If you're the agent picking up this phase:

  1. Phase 9's InterestedParties list is the seam. This phase only adds the "look up the key, attach a new party to an existing entry" logic. The fan-out side already iterates the list correctly. If you find yourself rewriting Phase 9's response path, you've drifted out of scope.

  2. CoalescingKey includes UnitId. DL260 fleets typically use unit 1, but we don't assume — different unit IDs are different PLC personalities behind the same TCP socket and must not coalesce.

  3. FC03 and FC04 are different tables. Same register address space in DL series, but Modbus treats them separately. Different CoalescingKey for the same address; no coalescing across them.

  4. Coalescing is best-effort under races. Two simultaneous identical requests can both miss the map and create separate entries — counter just shows a lower ratio. Not a bug; documented behaviour. Do not over-engineer with double-checked locking.

  5. MaxParties is the load-shedding safety valve. If a thousand HMI panels all attach to one in-flight request, the response fan-out cost goes linear with attachment count and stalls the backend reader task. Cap at 32 by default. Past the cap, route through a fresh entry — fan-out cost per entry is bounded.

  6. The attach-or-create operation MUST be atomic per key. Two simultaneous arrivals must not both create new entries for the same key (would defeat coalescing). The simpler implementation: lock(map.SyncRoot) around the attach branch. The lock-free implementation uses AddOrUpdate with the updateFactory checking the count cap. Pick whichever you can write correctly in 30 minutes; document the choice.

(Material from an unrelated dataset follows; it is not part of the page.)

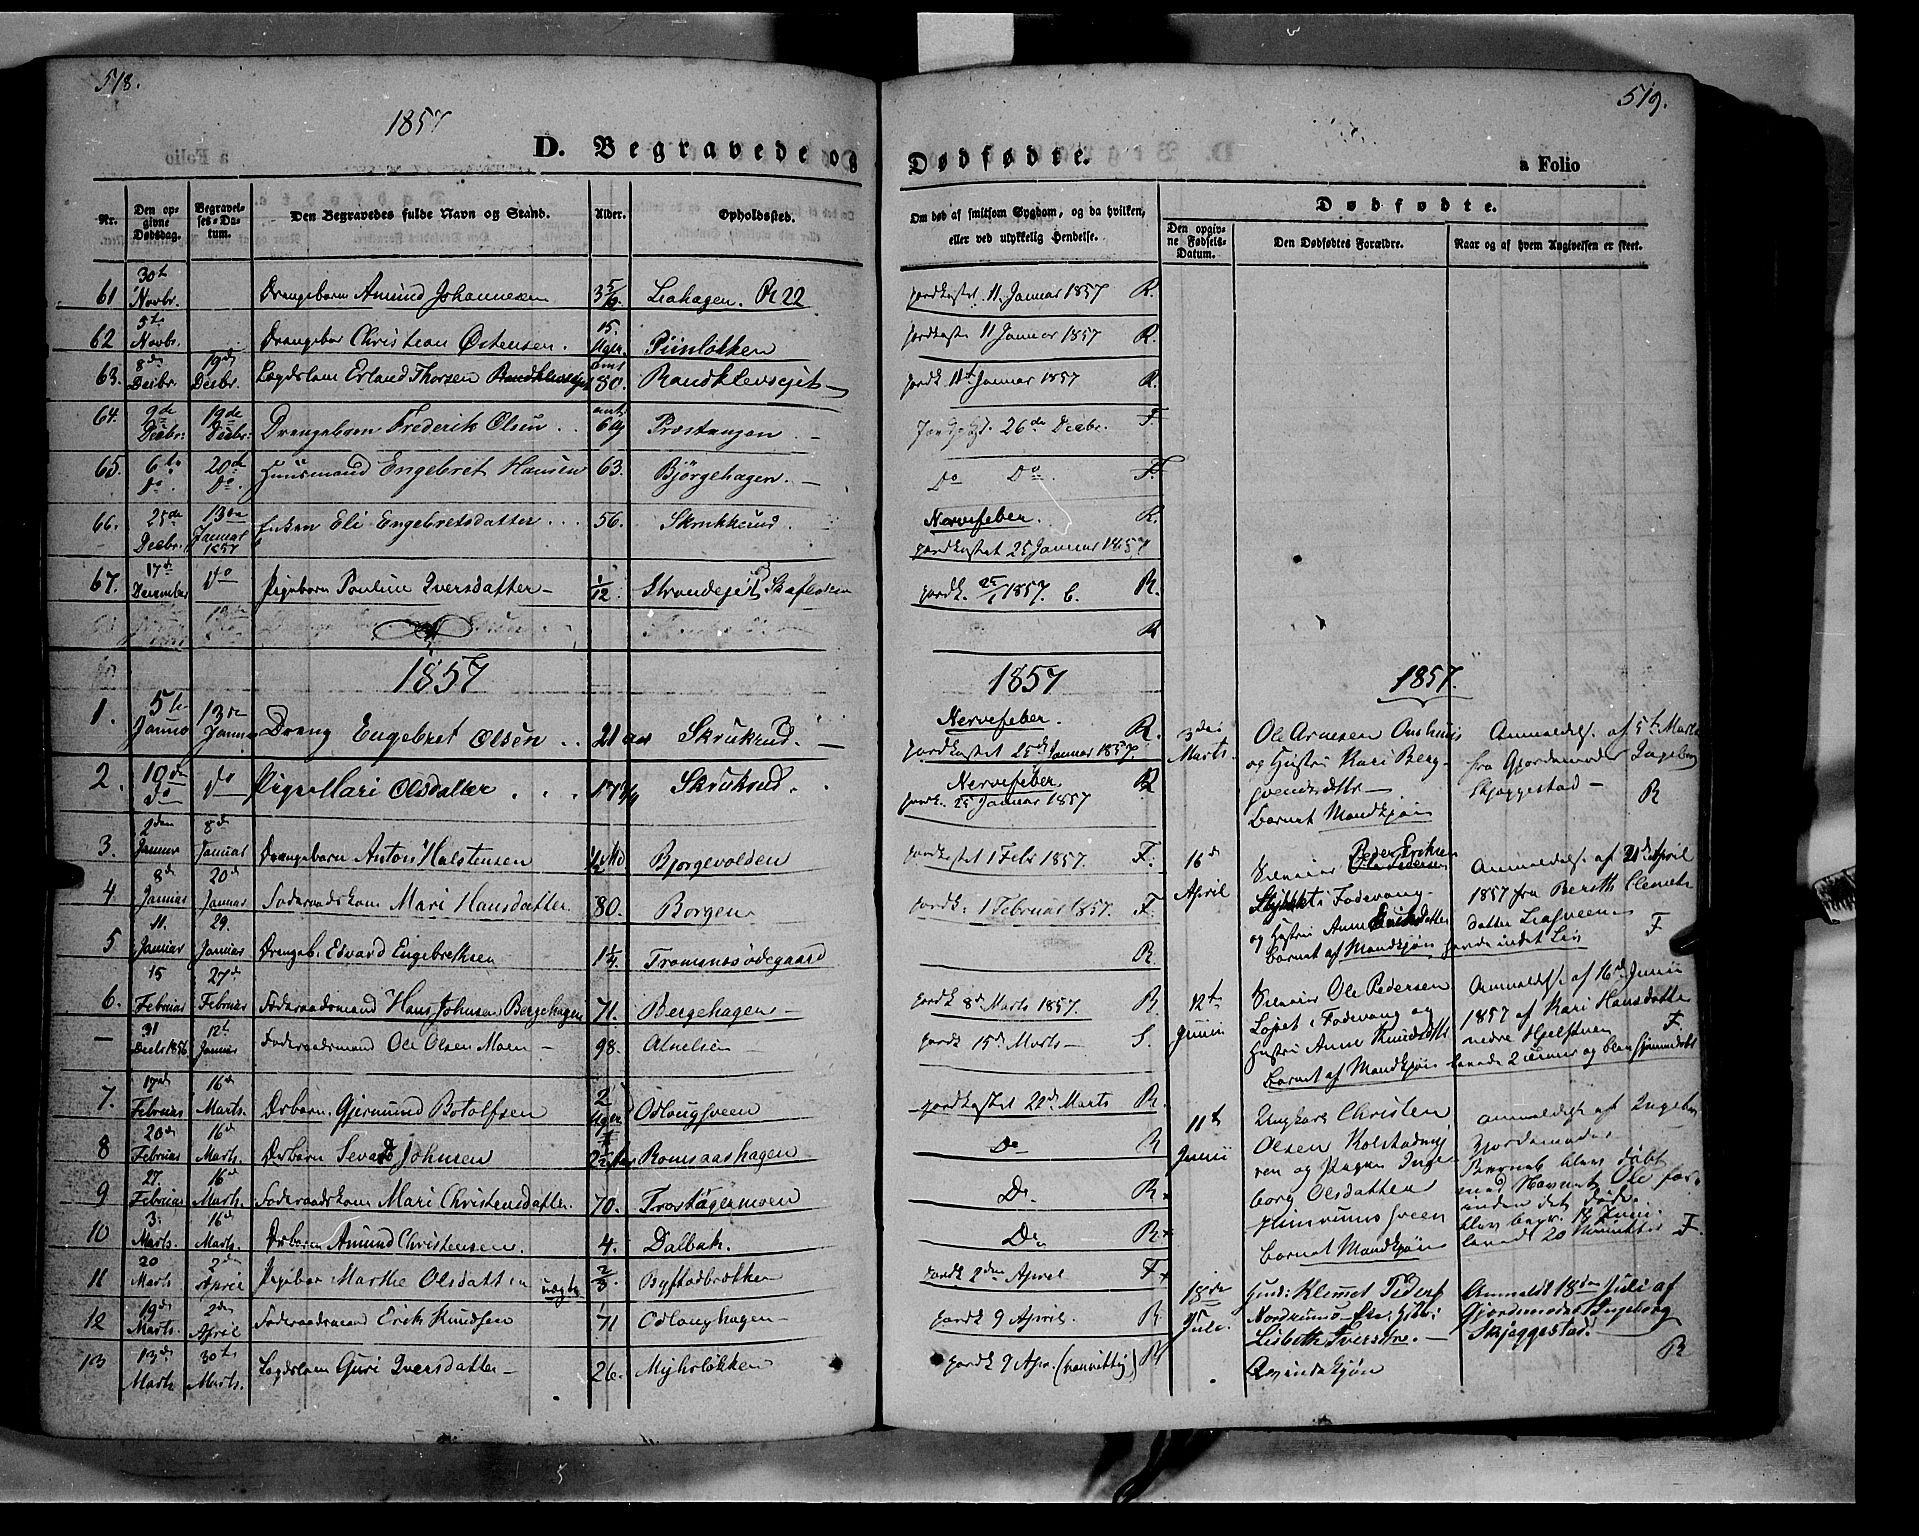 SAH, Ringebu prestekontor, Ministerialbok nr. 6, 1848-1859, s. 518-519

  7. Response fan-out must check Pipe.IsAlive per party. An upstream client that disconnects between attaching and the response arriving — count it as CoalescedResponseToDeadUpstream and continue with the others. Do not throw, do not log per-occurrence at Information (would be too noisy under client churn).

  8. Hot-reload of Enabled doesn't disrupt in-flight entries. Disabling the feature mid-flight just means subsequent requests take the non-coalescing path. Existing coalesced entries drain when their response arrives. Don't try to "flush" them on the reload event.

  9. CoalescedHit + CoalescedMiss = total FC03+FC04 requests. The math has to balance per snapshot. Use Interlocked.Increment exclusively. Disabling coalescing means every FC03/04 request becomes a Miss (which is fine — the metric still tracks total reads).

  10. Update design.md AND kpi.md AND the install template in the same PR as the code. Doc drift is a gate failure. The coalescing-ratio KPI specifically graduates from "future" to "Tier 1 supported" — make that promotion explicit in kpi.md.

Cross-references

  • Phase 9's multiplexer is the foundation. The InterestedParty and InterestedParties types live there: 09-txid-multiplexing.md.
  • KPI graduation target: ../kpi.md → Tier 1 (rates / percentiles / availability — coalescing-ratio joins this tier).
  • Modbus unit-ID semantics that make coalescing-key uniqueness load-bearing: ../../DL260/dl205.md → "Function Code Support" and "Coils and Discrete Inputs".
  • Counter snapshot backwards-compat policy that this phase respects (additive only): ../kpi.md → "Backwards-compat policy".